Interpreting Time Series Forecasts with LIME and SHAP: A Case Study on the Air Passengers Dataset
This work addresses interpretability in time-series forecasting for domains like aviation and retail, but it is incremental as it adapts existing explainability methods to a specific context.
The paper tackled the problem of interpreting time-series forecasts by applying LIME and SHAP to a gradient-boosted tree model on the Air Passengers dataset, showing that a small set of lagged features and seasonal encodings explain most forecast variance.

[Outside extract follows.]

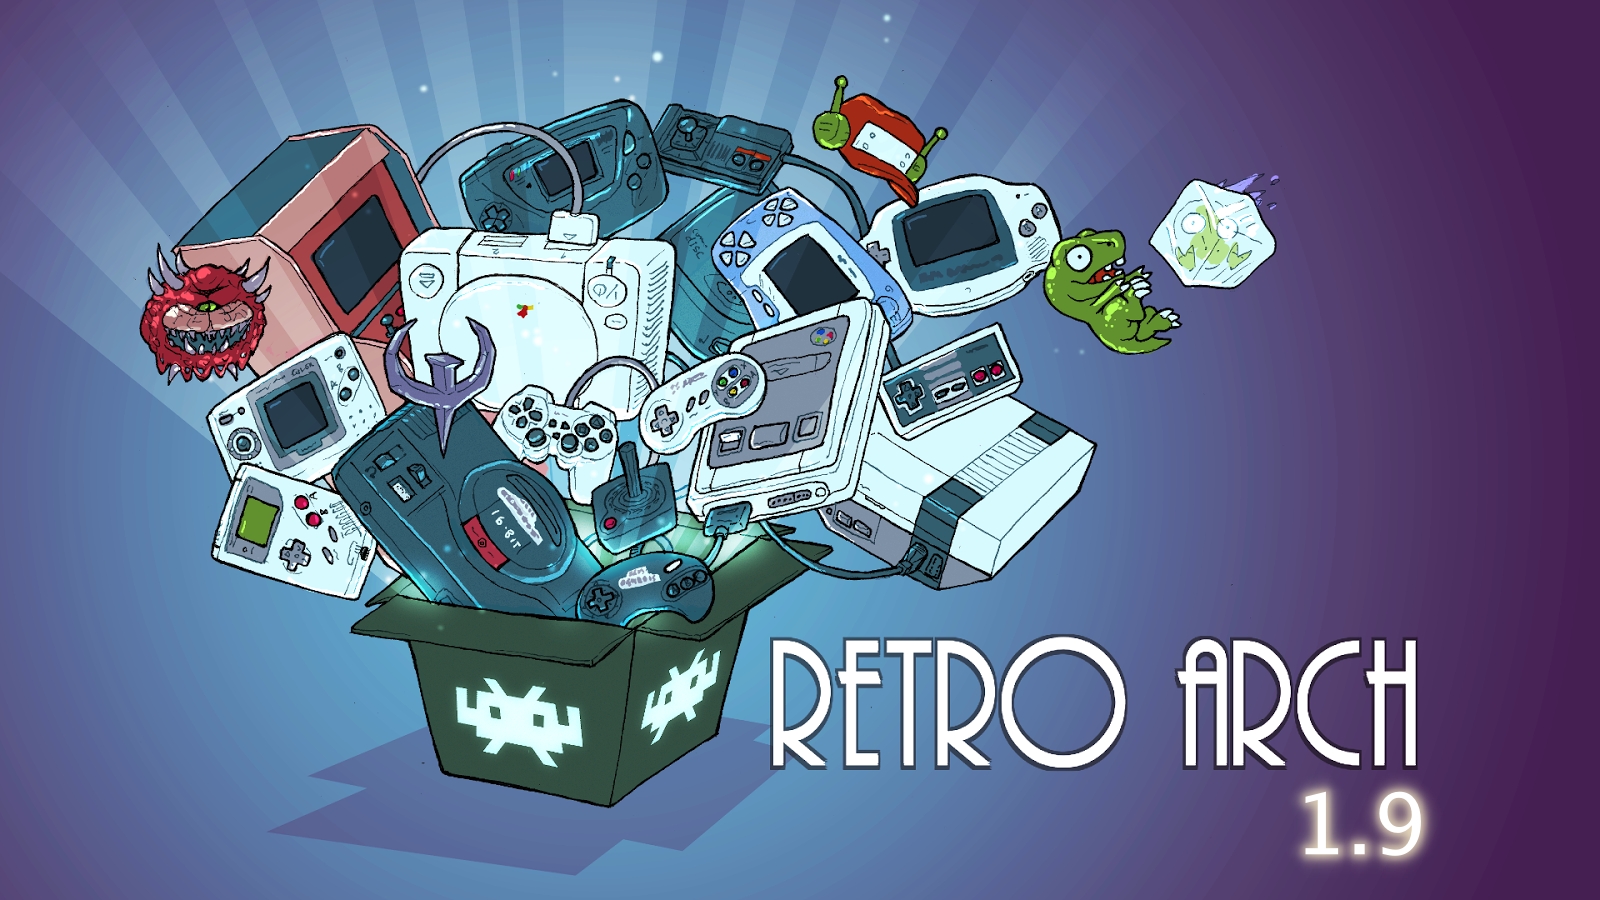 RetroArch 1.9 Released with Many Goodies for Retro Linux Gamers

Time-series forecasting underpins critical decisions across aviation, energy, retail and health. Classical autoregressive integrated moving average (ARIMA) models offer interpretability via coefficients but struggle with nonlinearities, whereas tree-based machine-learning models such as XGBoost deliver high accuracy but are often opaque. This paper presents a unified framework for interpreting time-series forecasts using local interpretable model-agnostic explanations (LIME) and SHapley additive exPlanations (SHAP). We convert a univariate series into a leakage-free supervised learning problem, train a gradient-boosted tree alongside an ARIMA baseline and apply post-hoc explainability. Using the Air Passengers dataset as a case study, we show that a small set of lagged features -- particularly the twelve-month lag -- and seasonal encodings explain most forecast variance. We contribute: (i) a methodology for applying LIME and SHAP to time series without violating chronology; (ii) theoretical exposition of the underlying algorithms; (iii) empirical evaluation with extensive analysis; and (iv) guidelines for practitioners.